Babysitter pleads not guilty at trial on two counts of murder
(CNN) — A Texas kindergarten teacher pleaded not guilty Friday to murdering a 5-year-old girl and is expected to be found guilty of killing her as an adult.
Charity Nurse Melissa Miller of Houston said as a 16-year veteran of the Texas Department of Family and Protective Services, she killed 17-year-old Sarah Anderson in her bedroom in 2005.
She faces the possibility of life in prison if convicted.
In addition to a death sentence for her former patient, a judge Friday imposed the possibility of life in prison without parole on the other three men involved, who were 14 at the time of Anderson’s death.
Anderson, a first-grader at Keller Elementary School in the early morning hours of May 19, 2005, was pronounced dead at the scene of the murder. MilSM 카지노ler claimed to have killed her in self-defense, and called herself a “hero” and “heroine” during her trial.
Her attorney, Thomas J. Miller, said his client “feared and loved” her former teacher and will “definitely continue to serve the American people.”
A jury was not instructed in the case but was required to be “present in person on Thursday, in person on Saturday” as part of the bail hearing.
Prosecutors and other officials said in closing arguments last month that the case against Miller was “a sham.”
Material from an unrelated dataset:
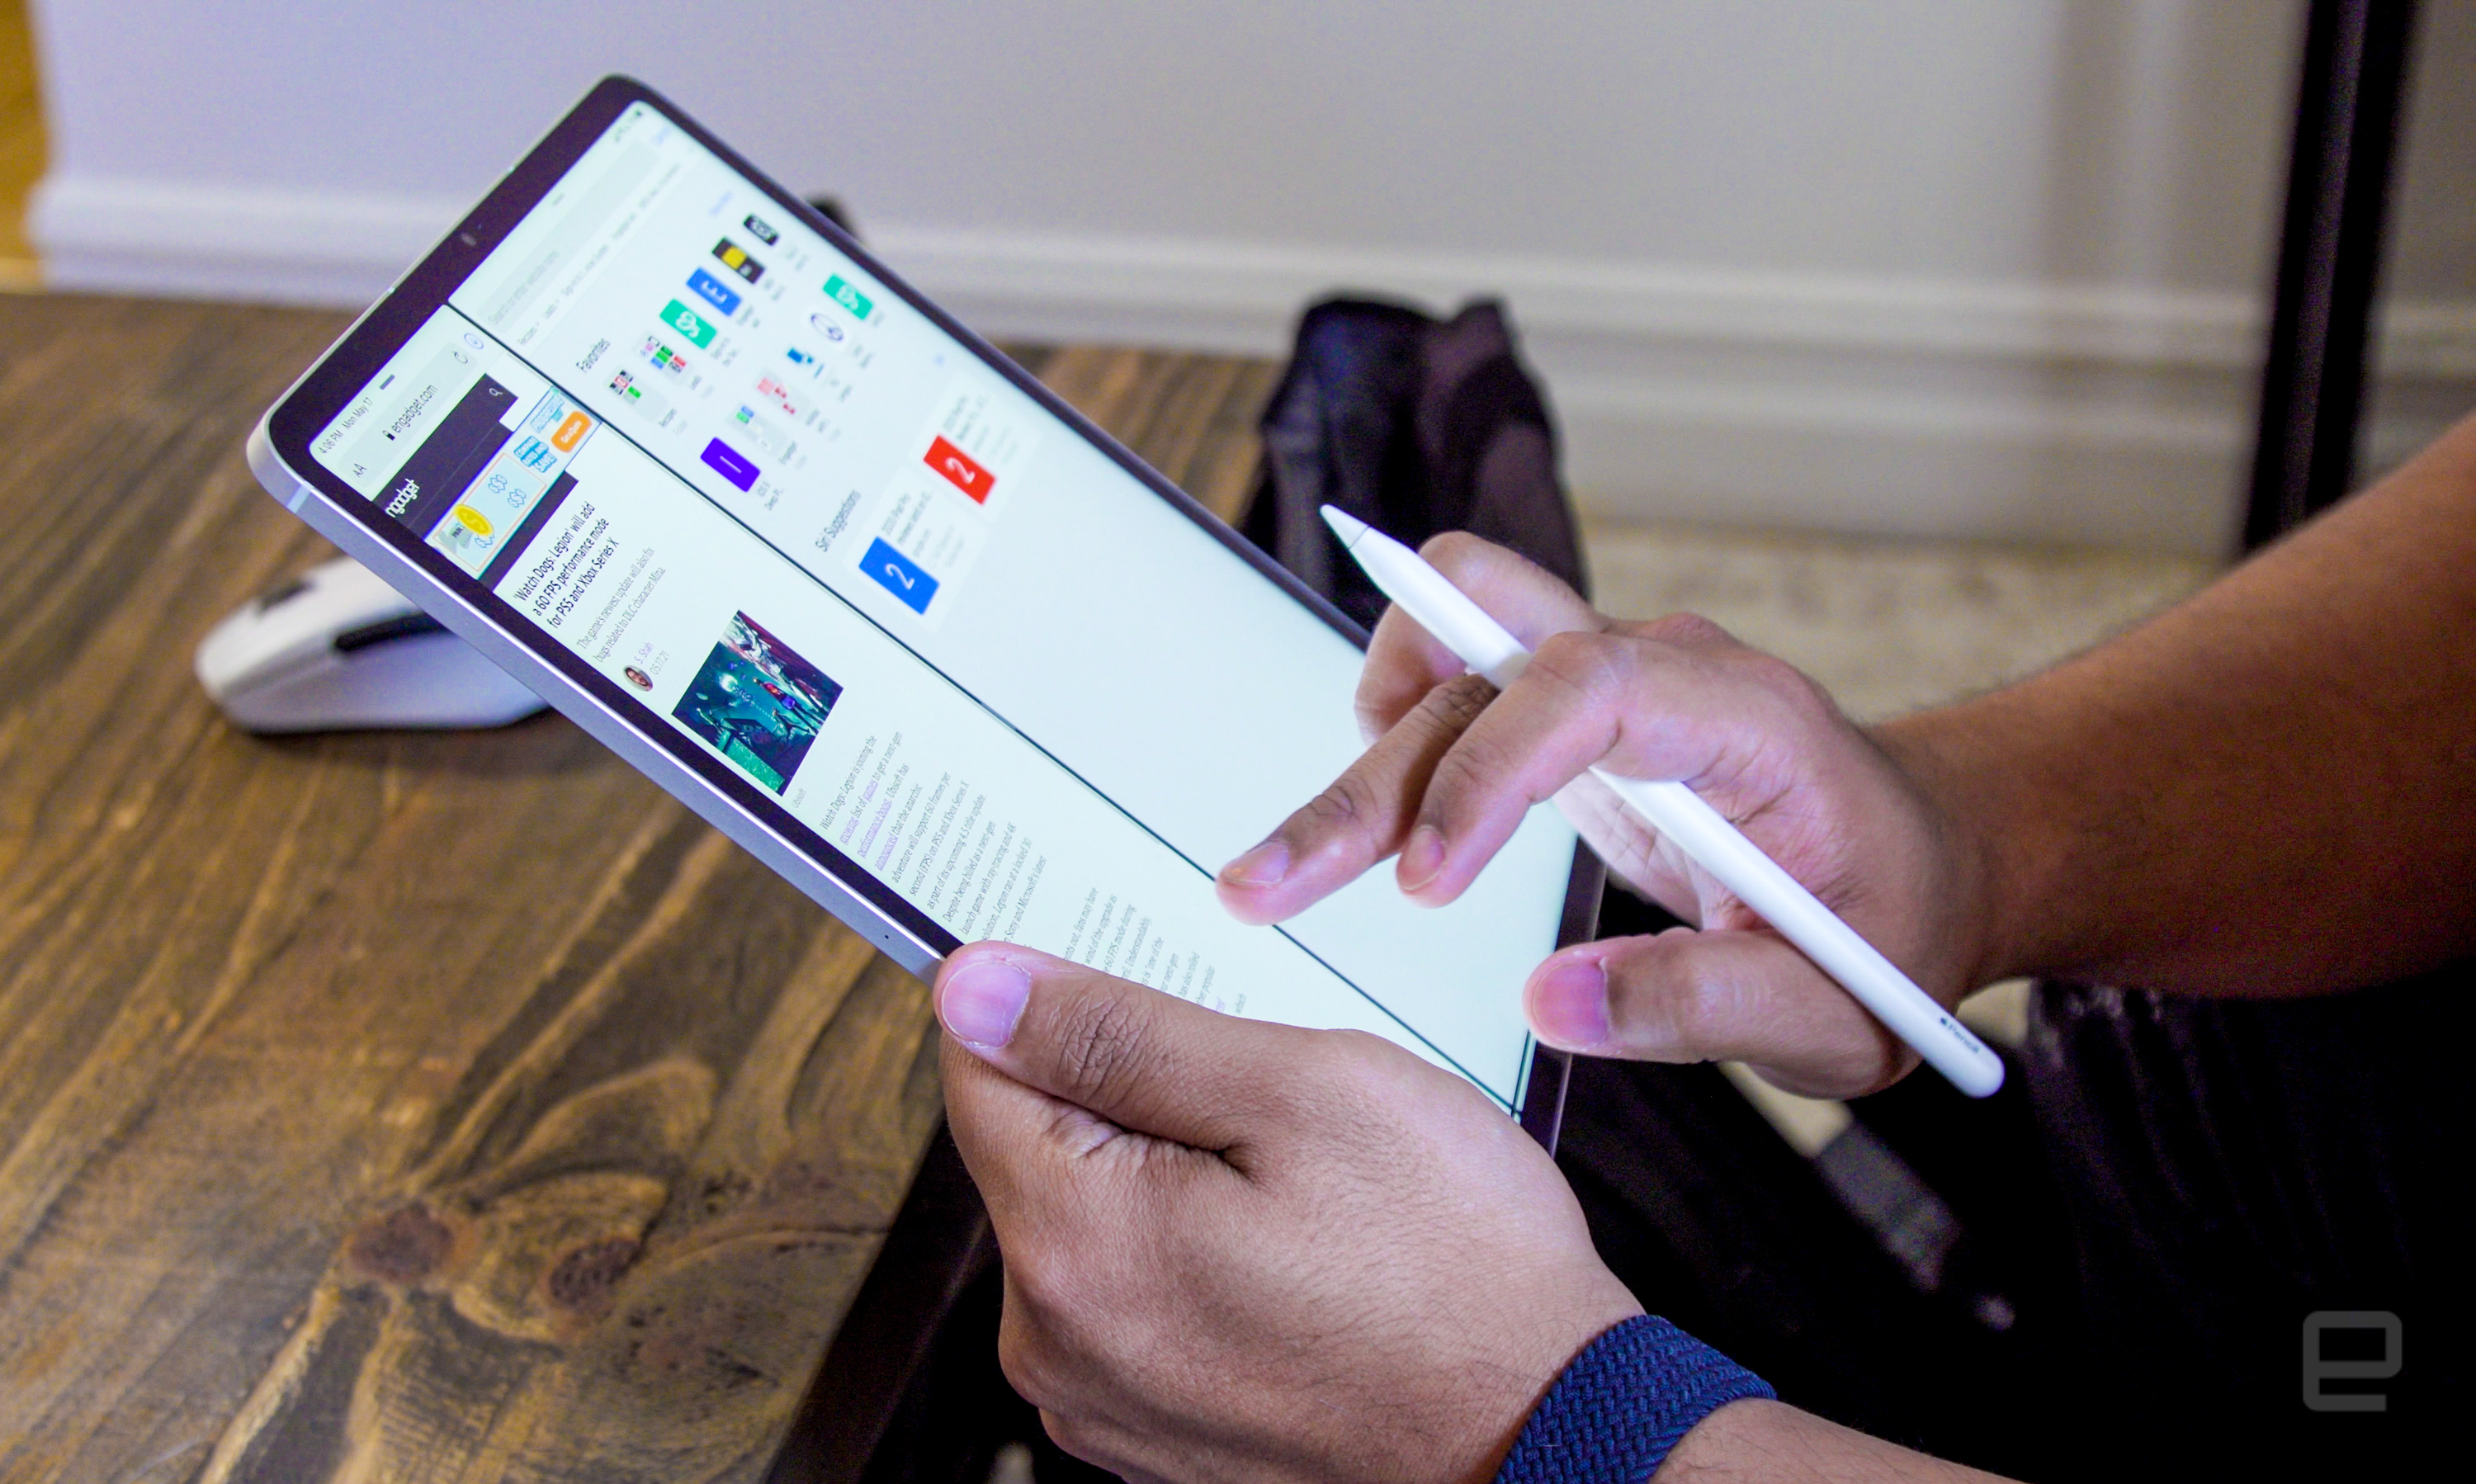 Apple is reportedly exploring iPad designs with supersized displays

Prosecutor Andrew J. Curbelo, the prosecutor in the pr월드 카지노osecution’s final stages of the trial, said Friday he was “shocked” that Miller may still be “a bright star” when it comes to public perception and public trust in public sector employee safety.
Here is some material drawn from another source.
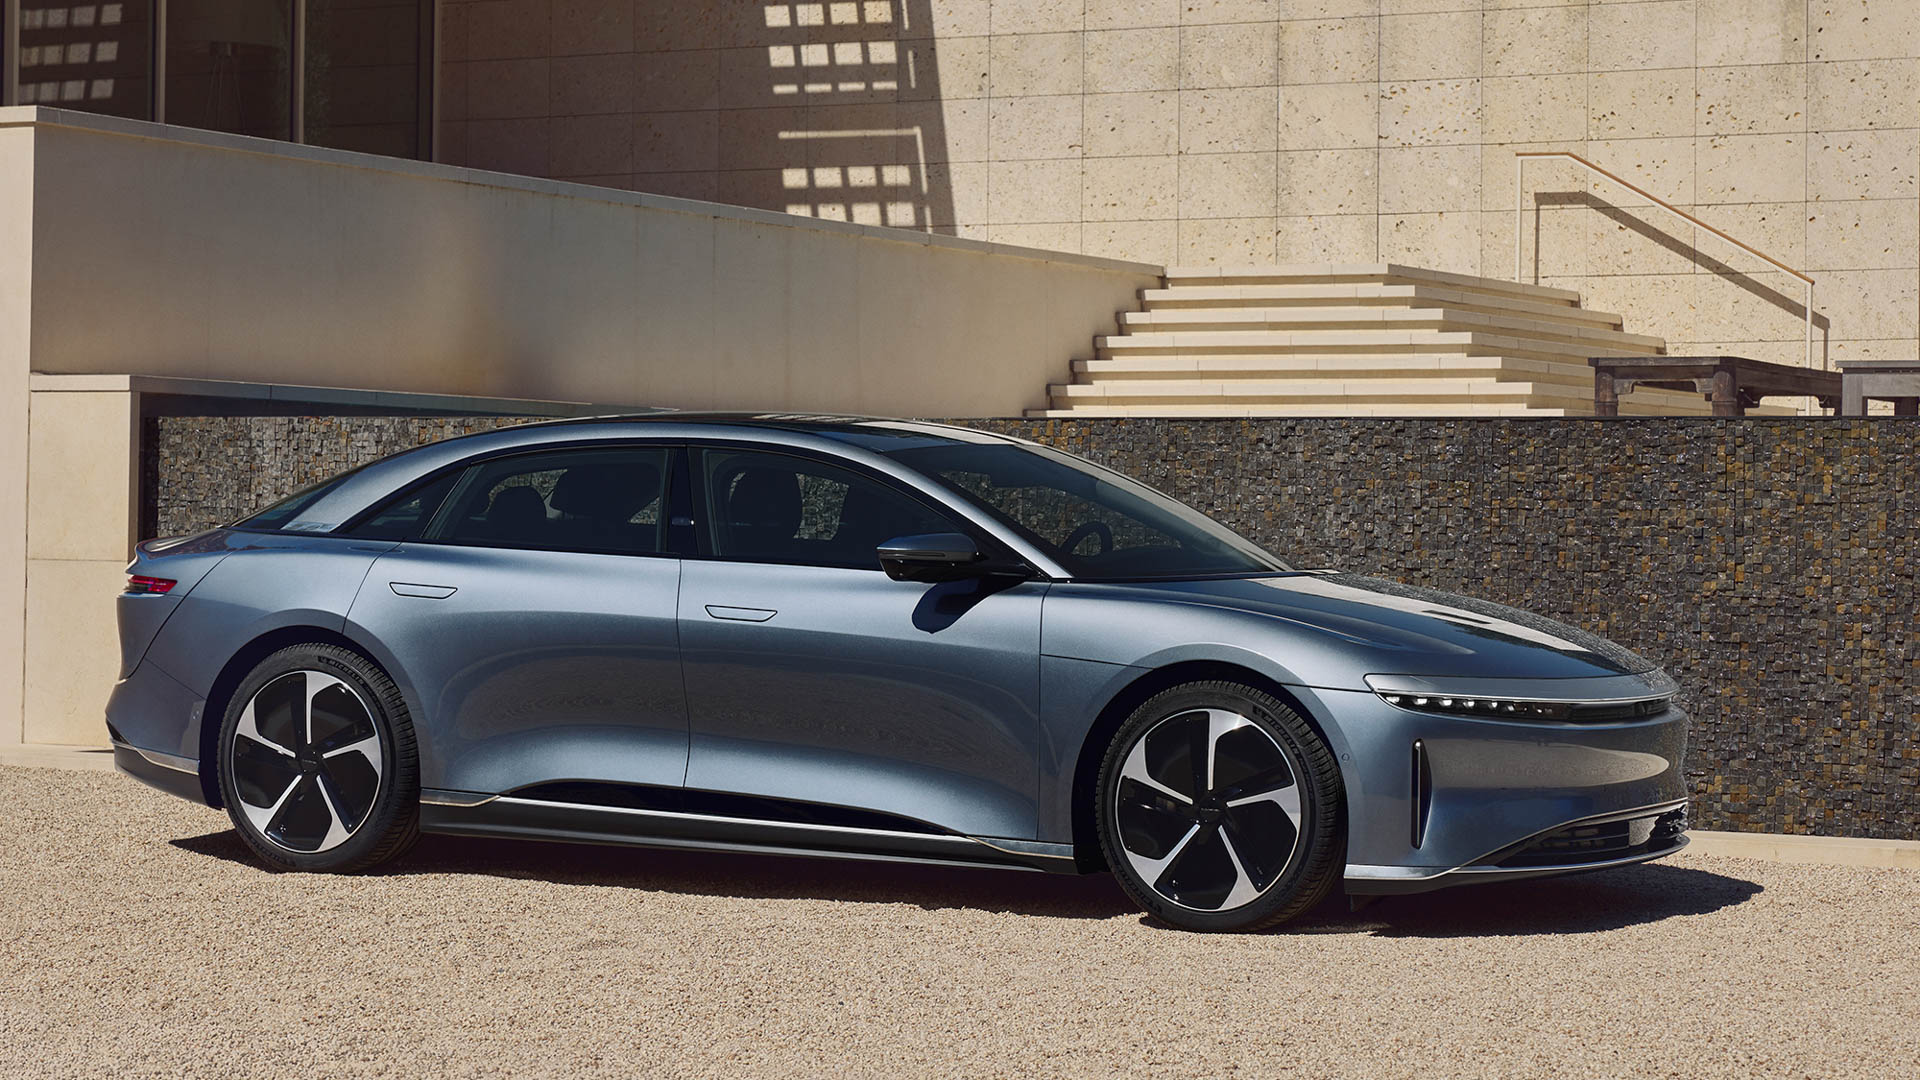 Lucid Air Price Slashed to Undercut Tesla Model S by $5,000

The prosecution and defense had a우리 카지노 쿠폰 “couple of weeks to prepare,” Curbelo said, but the trial had to move quickly because Anderson’s case was moving along quickly, which meant prosecutors had to start with the “troubles” that had been brewing for weeks.
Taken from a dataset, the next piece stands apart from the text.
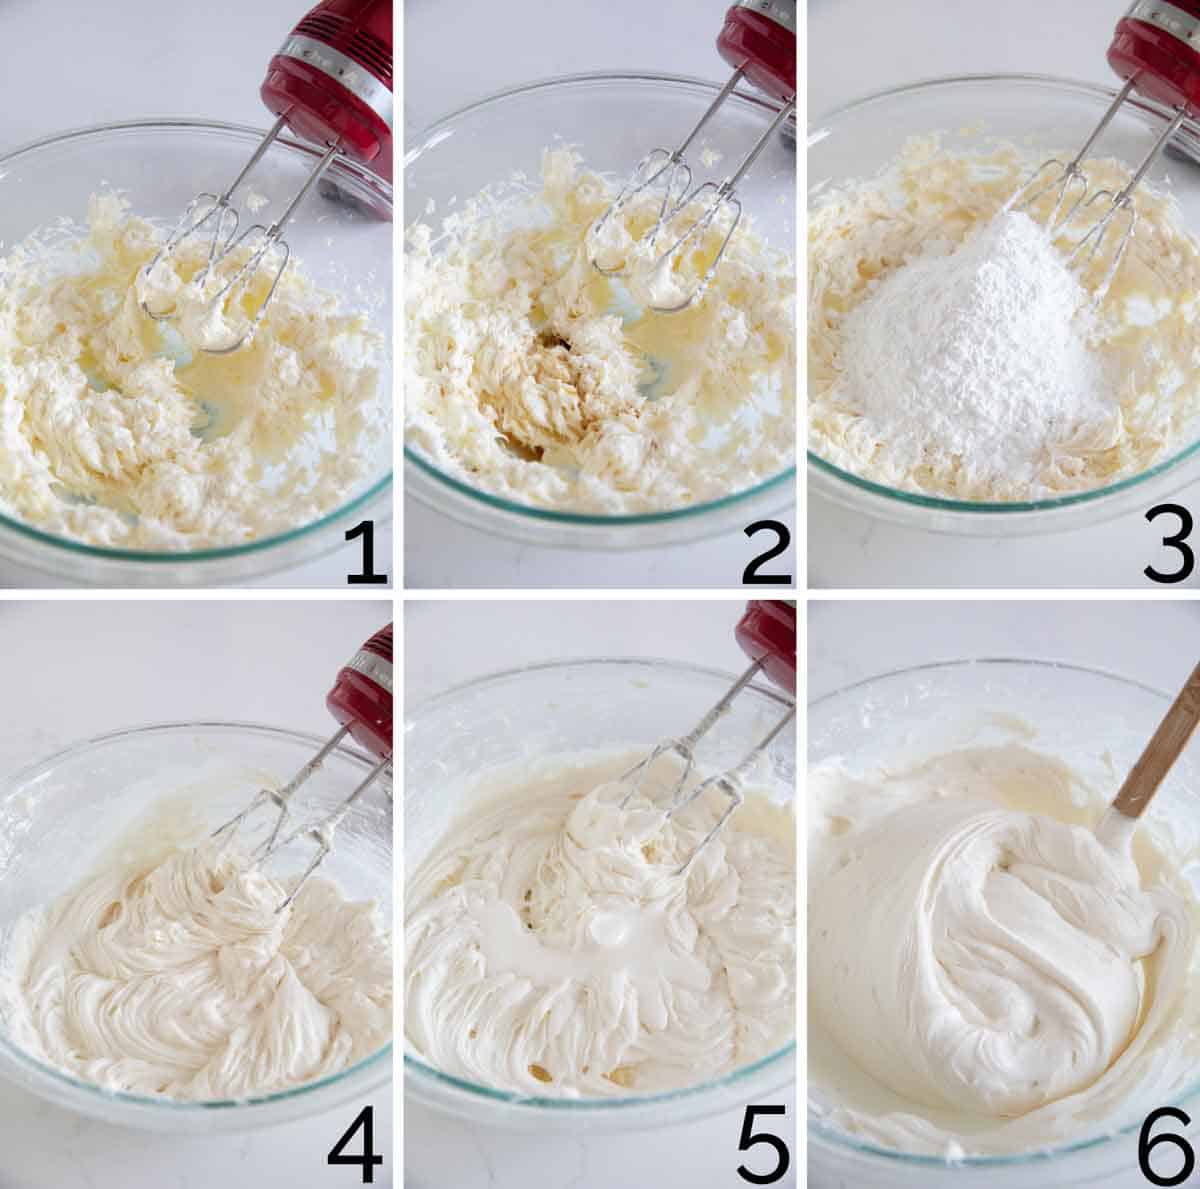 photos showing steps to make cream cheese frosting

Miller, dressed in a black jacket and brown pants, took the stand after two hours of testimony and was not identified during the closing arguments. She did not participate in the defense’s final arguments, but the judge allowed her to be represented by defense lawyer Edward Yee on several occasions.
The case drew national attention and the attention of the media and a special prosecutor, Kenneth J. Ramsey. Ramsey’s office released video from the surveillance of the murder and Miller’s testimony.